Oleh: Endah Husna*
Untuk mengatasi mahalnya harga tiket pesawat yang sudah berjalan sejak Januari 2019 dan makin menggila selama moment lebaran ini, Presden Joko Widodo mengeluarkan statment untuk mengundang maskapai asing masuk ke Indonesia.
Mahalnya harga tiket langsung berdampak kepada ekonomi di tanah air. Pun sejumlah bandara yang sudah dibangun di era Jokowi di daerah juga kosong melompong akibat anjloknya penumpang pesawat.
Berdasarkan data BPS, jumlah penumpang pesawat hanya 24 juta penumpang pada Januari-April 2019, anjlok 20,5 persen dibandingkan periode yang sama tahun lalu. Menteri Perhubungan Budi Karya Sumadi menyebutkan ada tiga maskapai asing yang siap berkompetisi di dalam negeri. Langkah ini menyusul PT.Indonesia AirAsia yang sudah lebih dulu melebarkan sayapnya ke industri penerbangan Tanah Air. Salah satunya adalah Scoot, sebuah maskapai penerbangan bertarif rendah (low-cost carrier/LCC) milik Singapore Airlines (SIA) Group.
Ekonom INDEF Didik J Rachbini mengatakan bahwa ide mengundang maskapai asing guna mengendalikan harga tiket pesawat dinilai tidak tepat. Rachbini juga mengatakan bahwa akar masalahnya terletak pada indikasi praktek monopoli kartel. Garuda Indonesia membawahi Citilink Indonesia dan Sriwijaya Air sedangkan Lion Air Group memiliki beberapa anak usaha seperti Batuk Air, Wings Air, Thai Lion Air, dan Malindo Air. Muncul dugaan bahwa dua perusahaan penerbangan ini memiliki kesepakatan mengenai harga yang beredar.
Sesungguhnya Akar masalah mahalnya tiket pesawat adalah kesalahan pemikiran dasar berikut perangkat aturan yang muncul dari pemikran dasar tersebut. Pemikiran salah tersebut bersumber dari paham sekulerisme yang memisahkan aturan Agama dari kehidupan. Atau Sekulerisme, yakni melahirkan aturan kehidupan kapitalis yang telah memandang dunia transportasi sebuah sebuah industri. Cara pandang pemikiran semacam ini mengakibatkan kepemilikan fasilitas umum transportasi dikuasai oleh perusahaan swasta yang otomatis mempunyai fungsi bisnis, bukan fungsi pelayanan. Kapitalis memandang bahwa pelaksanaan pelayanan publik, negara hanya berfungi sebagai perantara alias legislator, sedangkan operator diserahkan kepada mekanisme pasar.
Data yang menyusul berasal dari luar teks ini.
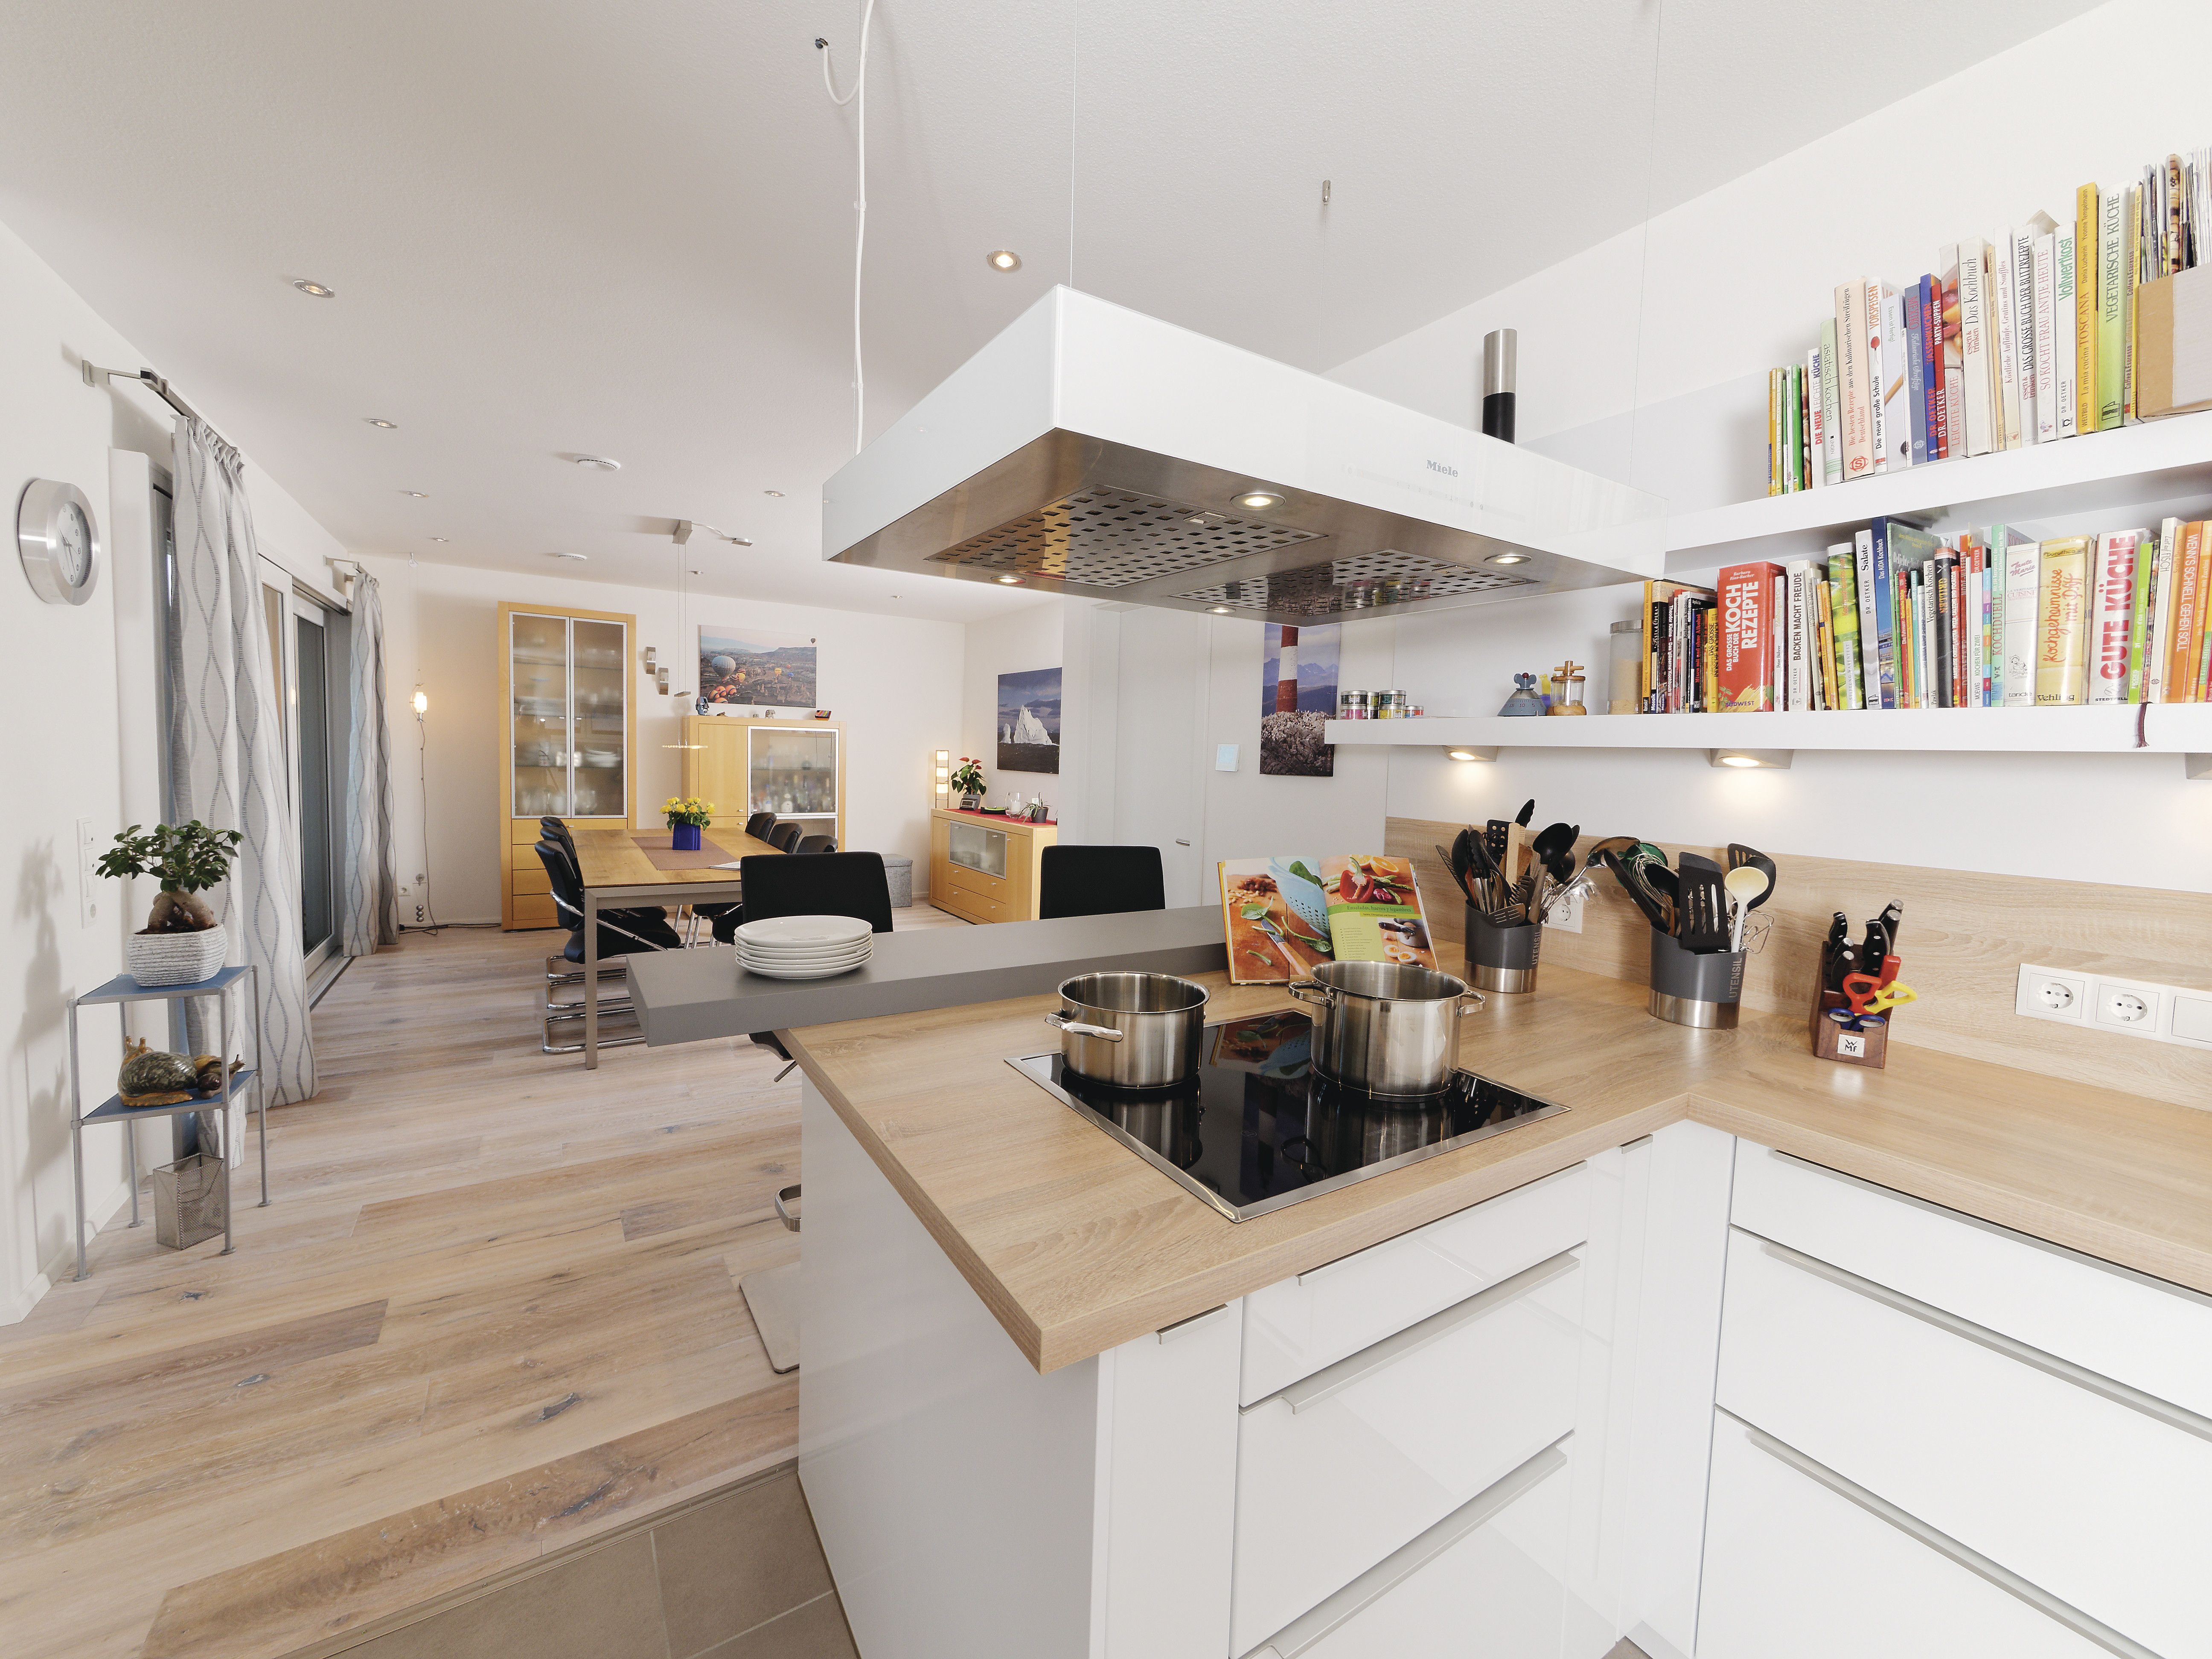 Fertighaus bauen mit Weber haus, Haus, Haus mit garage

Layanan transportasi dikelola swasta atau pemerintah dalam kacamata komersil, berakibat harga tket transportasi publik mahal namun tidak disertai layanan yang memadai.
Dalam Islam, Investasi Infrastruktur strategis diurai dalam tiga prinsip. Pertama, pembangunan imfrastruktur adalah tanggung jawab negara, maka tidak boleh diserahkan kepada investor swasta ataupun asing. Kedua, perencanaan wilayah yang baik akan mengurai kebutuhan transportasi. Ketiga, negara membangun infrastruktur publik dengan standar teknologi terakhir yang dimilik. Teknologi yang ada termasuk teknologi navigasi, telekomunikasi, fisik jalan hingga alat transportrasinya itu sendiri. Teknologi dan manajemen fisik jalan sangat diperhatikan sejak tahun 950, jalan-jalan di Cordoba sudah diperkeras, secara teratur dibersihkan dari kotoran, dan malamnya diterangi lampu minyak. Baru duaratus tahun kemudian, tepatnya tahun 1185, baru Paris yang memutuskan sebagai kota pertama Eropa yang meniru Cordoba. Hingga abad ke-19 Khilafah Utsmaniyah masih konsisten mengembangkan infrastruktur transportasi ini. Saat kereta api ditemukan di Jerman, segera ada keputusan Khalifah untuk membangun jalur kereta api dengan tujuan utama memperlancar perjalanan Haji. Thun 1900 M Sultan Abdul Hamid II mencanangkan pyoyek “Hejaz Rilway”. Jalur kereta api ini terbentang dari Istanbul, Ibukota Khilafah, hingga Makkah, melewati Damaskus, Jerusalem dan Madinah. Dengan proyek ini, dari Istanbul ke Makkah yang semula 40 hari perjalanan menjadi 5 hari.
Dengan penerapan aturan ekonomi Islam akan memberikan jaminan ekonomi yang berkah, adil dan sejahtera. Khilafah, sebagai institusi penerap Islam akan menyediakan insfrastruktur transportasi yang aman, memadai dengan teknonologi terkini, dan harga tiket yang terjangkau.